The Kira program sharply winnows the number of documents read by people, but human scrutiny is still required.
Yet the efficiency gains can be striking. Kira’s clients report reducing the lawyer time required for contract review by 20 percent to 60 percent, said Noah Waisberg, chief executive of Kira.
In Miami, Luis Salazar, a partner in a five-lawyer firm, began using software from the start-up Ross Intelligence in November in his bankruptcy practice. Ask for the case most similar to the one you have and the Ross program, which taps some of IBM’s Watson artificial intelligence technology, reads through thousands of cases and delivers a ranked list of the most relevant ones, Mr. Salazar said.
Skeptical at first, he tested Ross against himself. After 10 hours of searching online legal databases, he found a case whose facts nearly mirrored the one he was working on. Ross found that case almost instantly.
Mr. Salazar has been particularly impressed by a legal memo service that Ross is developing. Type in a legal question and Ross replies a day later with a few paragraphs summarizing the answer and a two-page explanatory memo.
The results, he said, are indistinguishable from a memo written by a lawyer. “That blew me away,” Mr. Salazar said. “It’s kind of scary. If it gets better, a lot of people could lose their jobs.”
Not yet. The system is pretty good at identifying the gist of questions and cases, but Ross is not much of a writer, said Jimoh Ovbiagele, the chief technology officer of Ross. Humans take the rough draft that Ross produces and create the final memos, which is why it takes a day.
The start-up’s engineers are trying to fully automate the memo-writing process, but Mr. Ovbiagele said, “We are a long way from there at this point.”
The Good Old Days
James Yoon, a lawyer in Palo Alto, Calif., recalls 1999 as the peak of the old way of lawyering. A big patent case then, he said, might have needed the labor of three partners, five associates and four paralegals.
Today, a comparable case would take one partner, two associates and one paralegal.
Two obvious factors have led to that downsizing: tightened legal spending and digital technologies that automated some tasks, like document searches, said Mr. Yoon, a partner at Wilson Sonsini Goodrich & Rosati.
Mr. Yoon uses software tools like Lex Machina and Ravel Law to guide litigation strategy in his patent cases. These programs pore through court decisions and filing data to make profiles and predictions about judges and lawyers.
What are the chances a certain motion will be approved by a particular judge, based on all his or her past rulings?

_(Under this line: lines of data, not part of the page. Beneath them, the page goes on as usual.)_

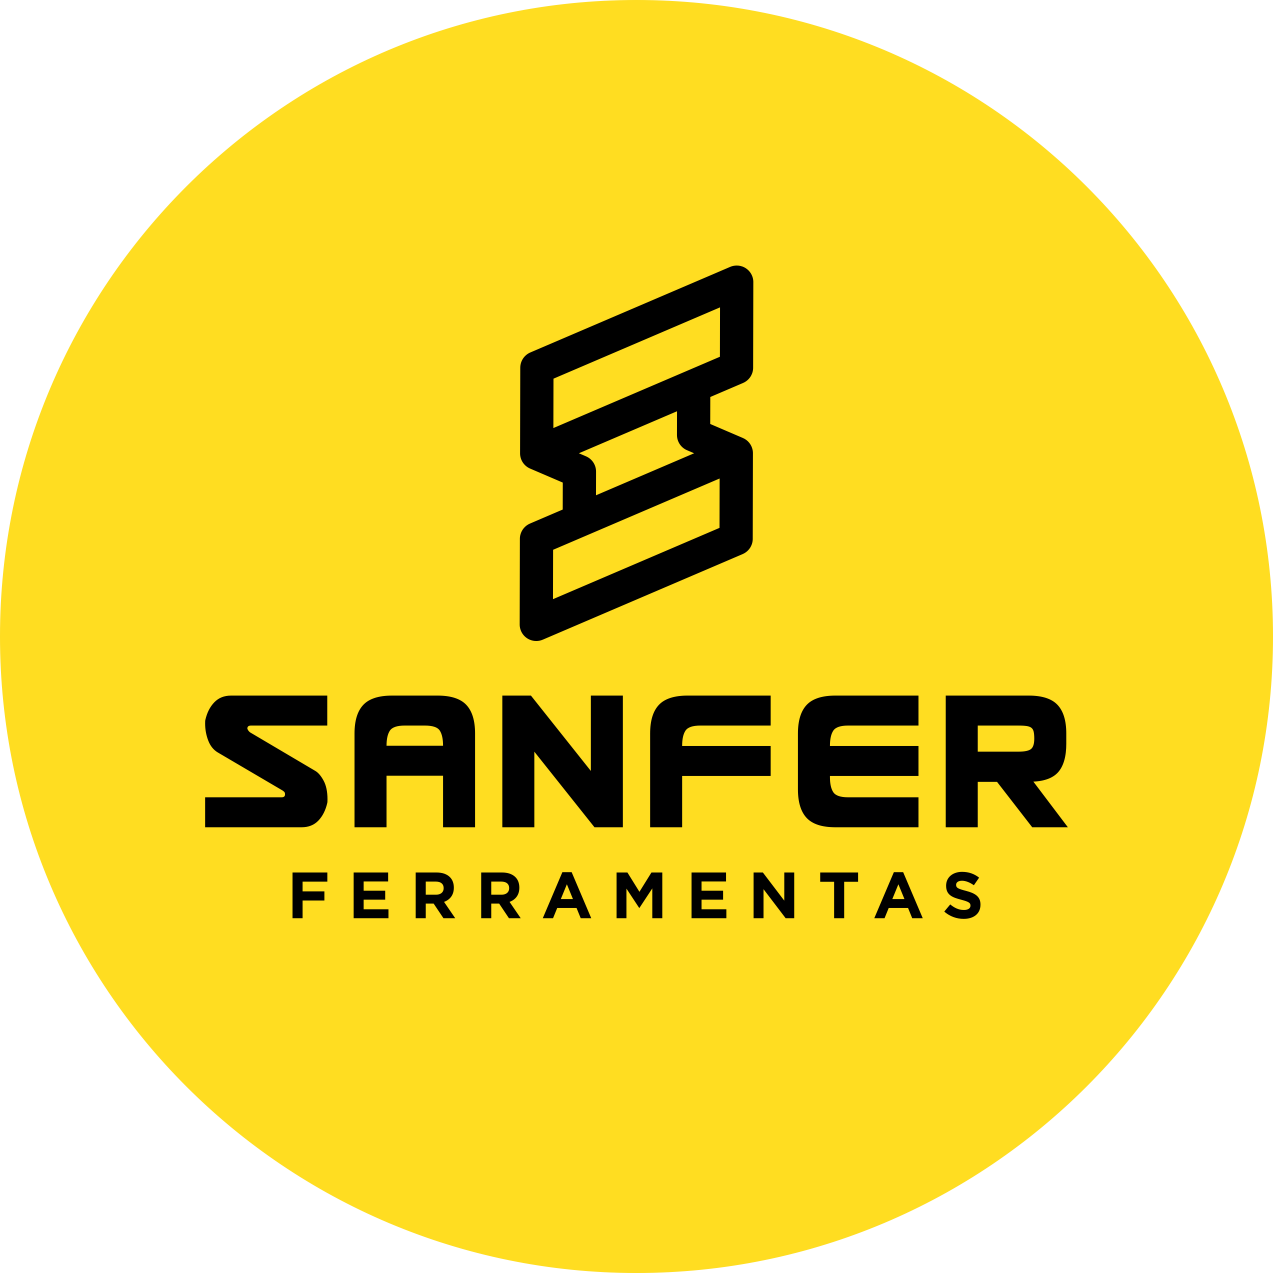 Sanfer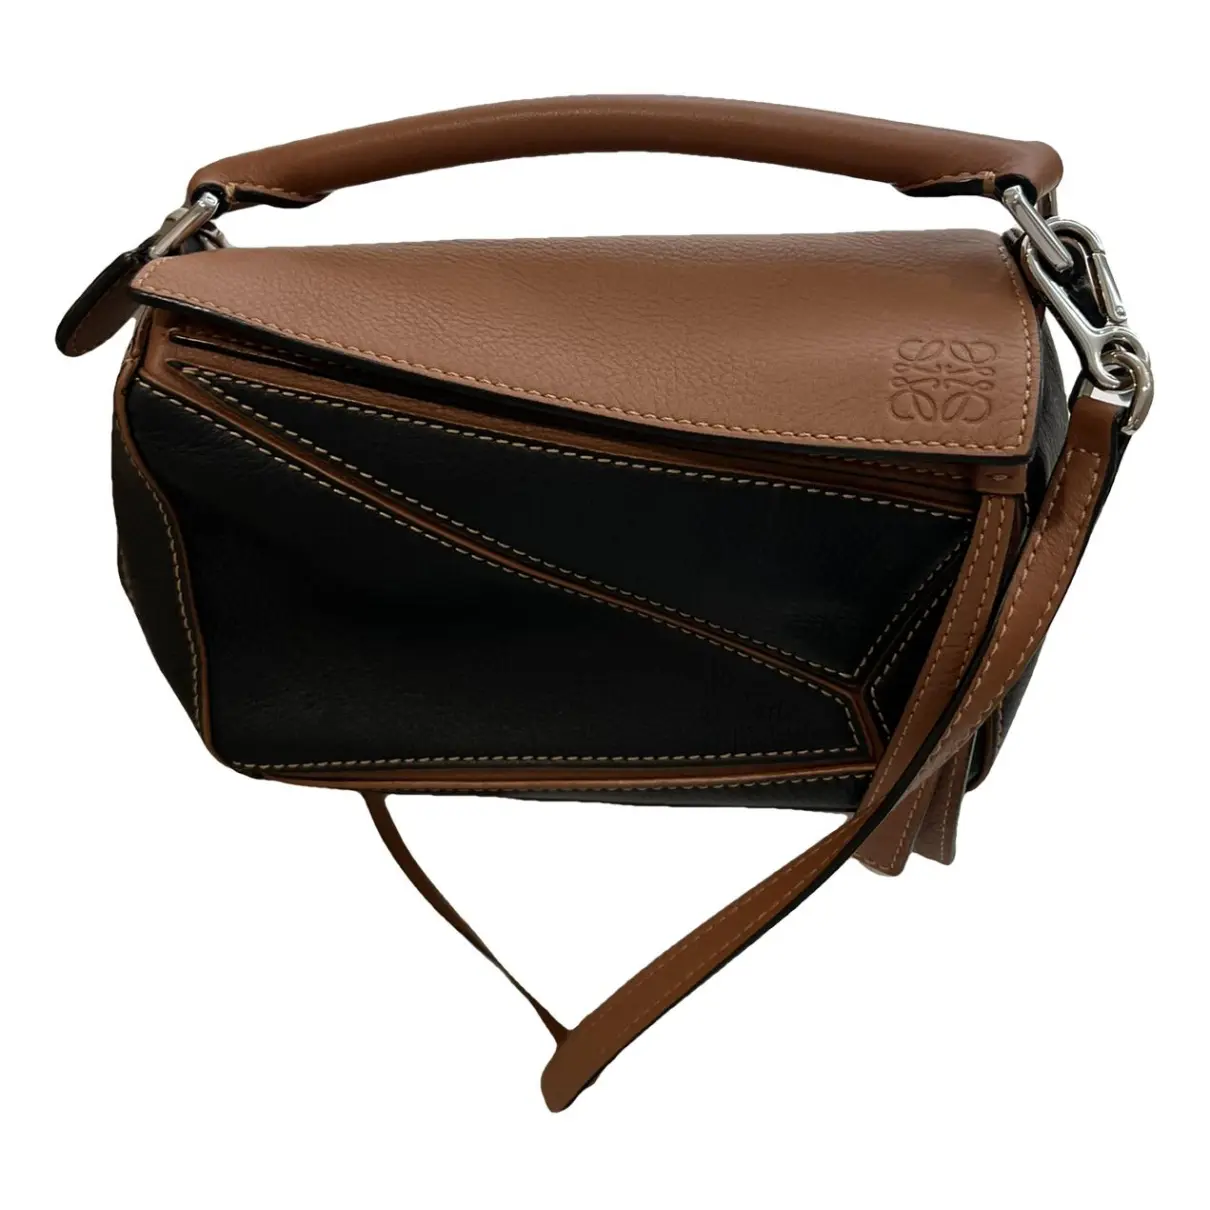 Puzzle leather handbag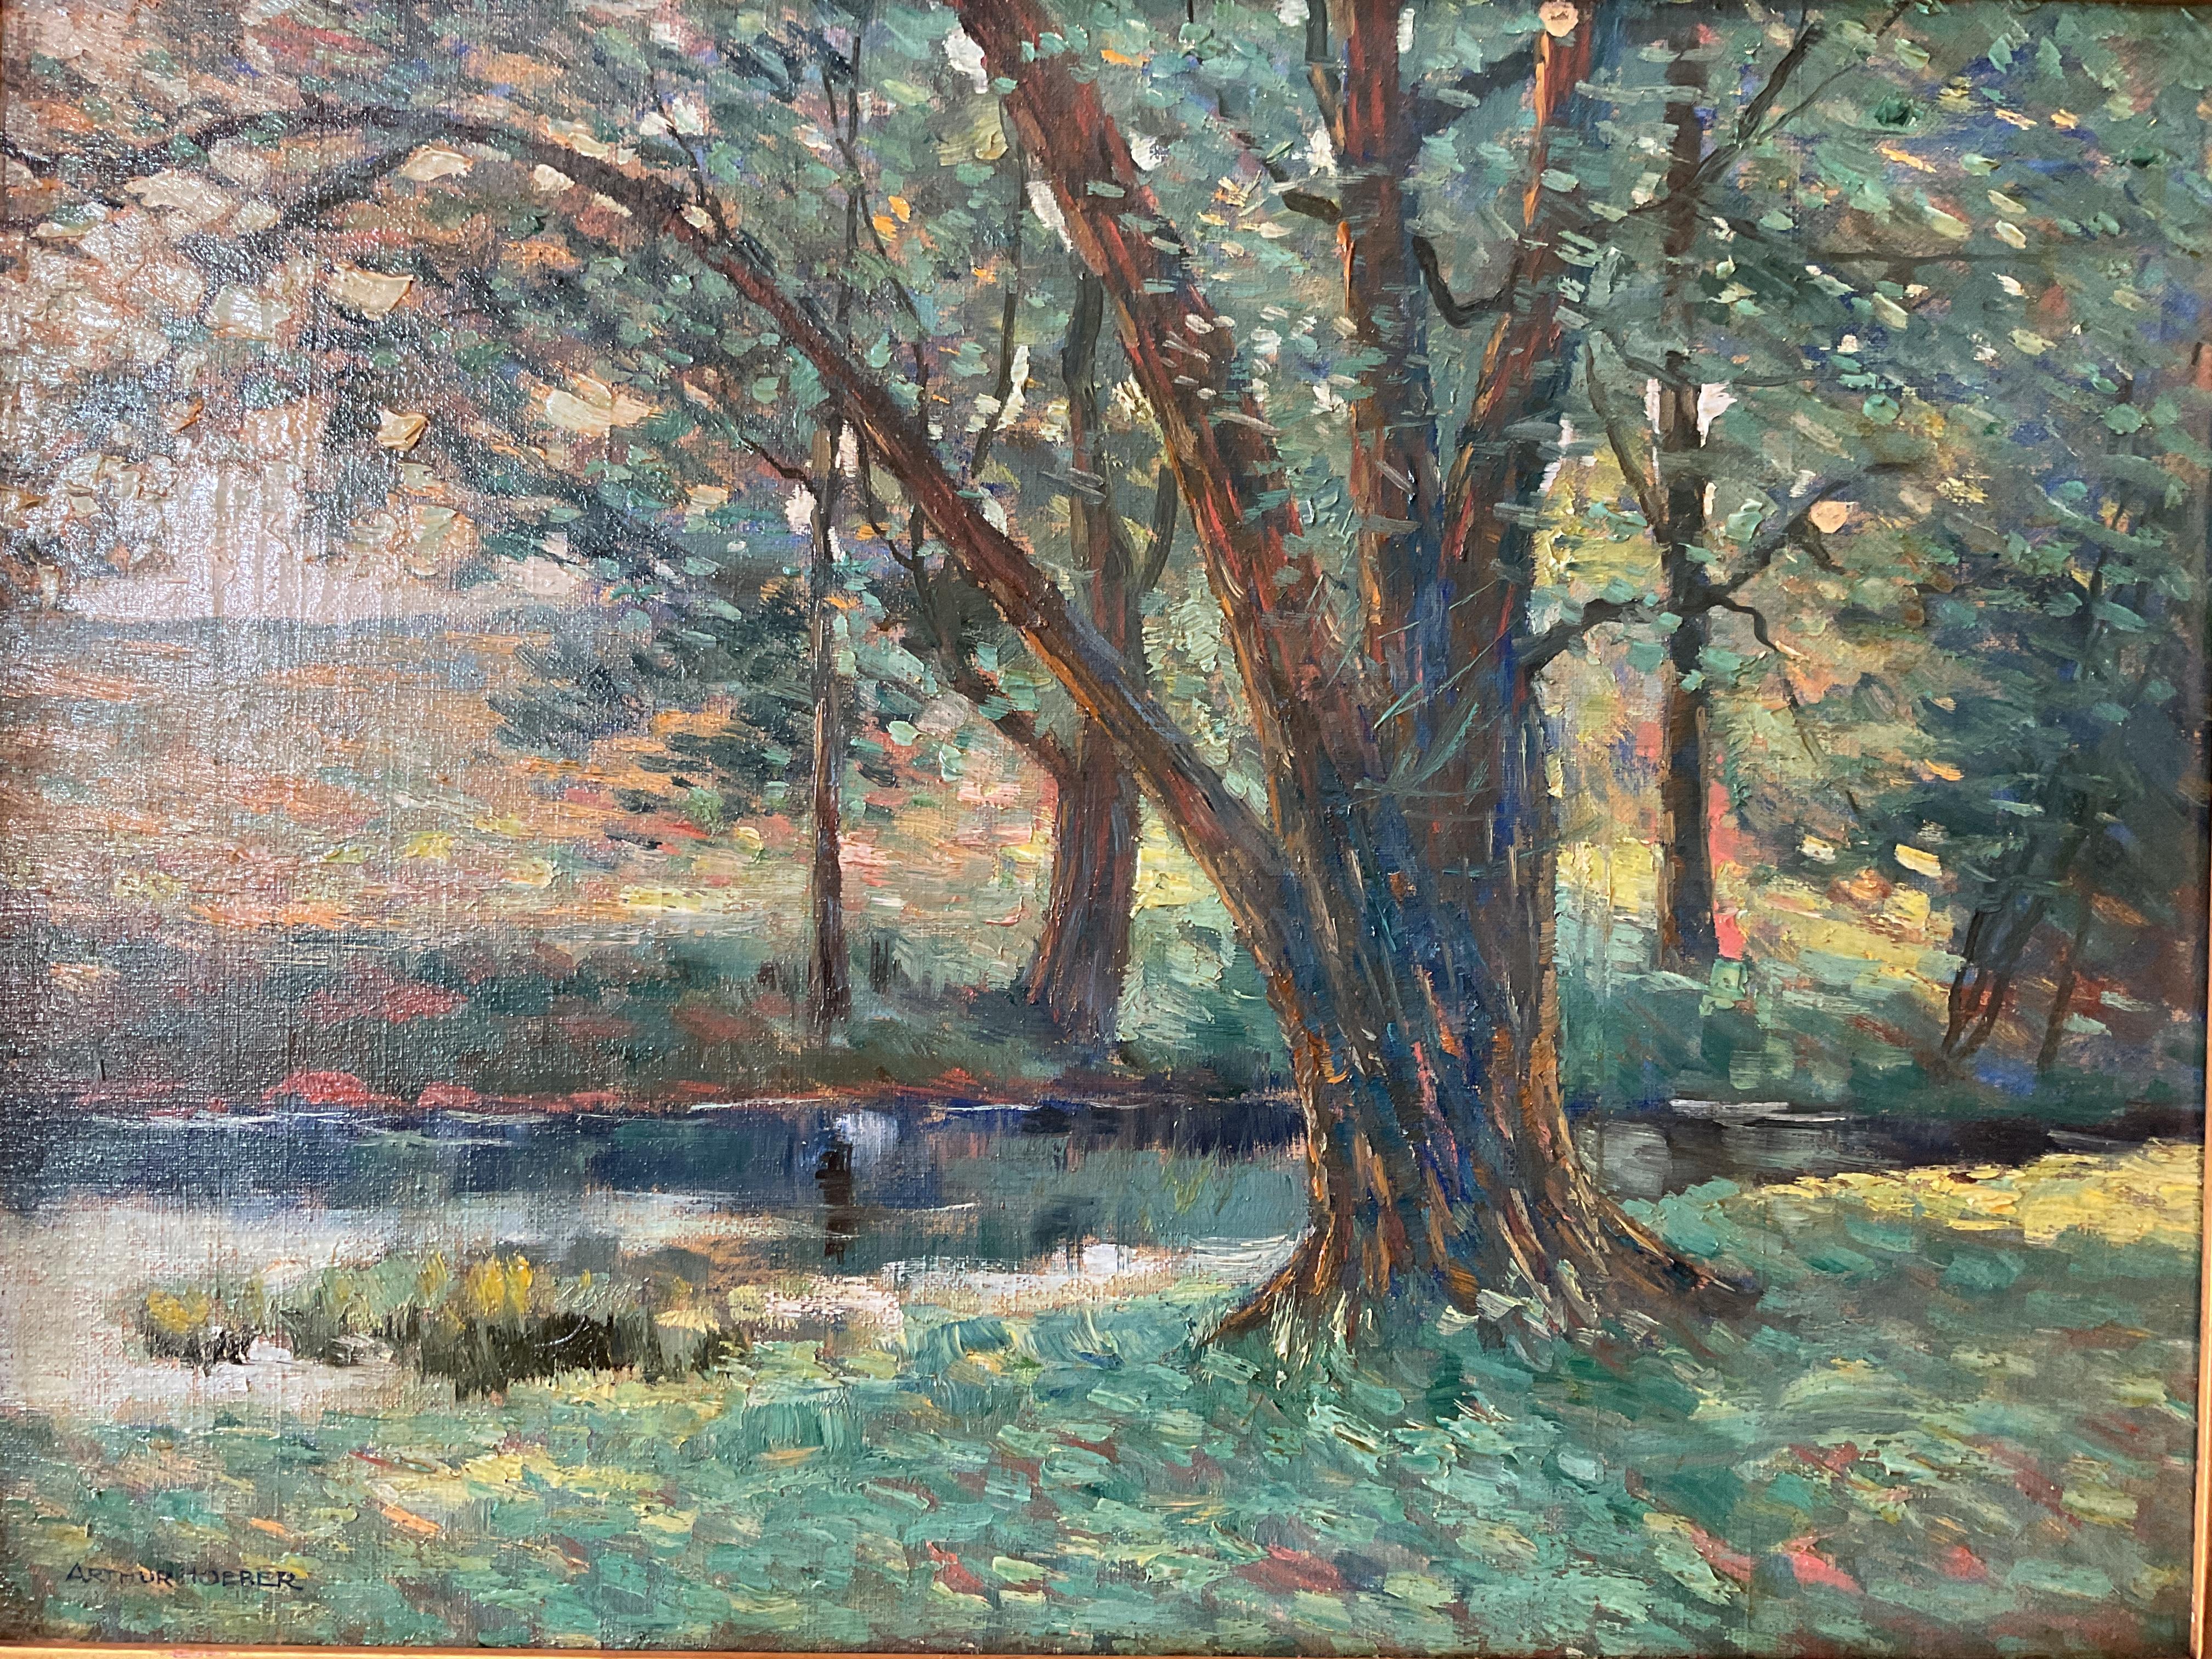 Antique American Impressionist Landscape Painting - “Willow” by Arthur Hoeber For Sale 1

Does the opposing counsel go to trial often or usually settle cases?
Mr. Yoon compares what he does to the way baseball and football analysts assess the tendencies of players and coaches on other teams.
The clever software, he said, is “changing how decisions are made, and it’s changing the profession.”
But its impact on employment would seem to be far less than, say, electronic discovery. The data-driven analysis technology is assisting human work rather than replacing it. Indeed, the work that consumes most of Mr. Yoon’s time involves strategy, creativity, judgment and empathy — and those efforts cannot yet be automated.
Mr. Yoon, who is 49, stands as proof. In 1999, his billing rate was $400 an hour. Today, he bills at $1,100 an hour.
“For the time being, experience like mine is something people are willing to pay for,” Mr. Yoon said. “What clients don’t want to pay for is any routine work.”
But, he added, “the trouble is that technology makes more and more work routine.”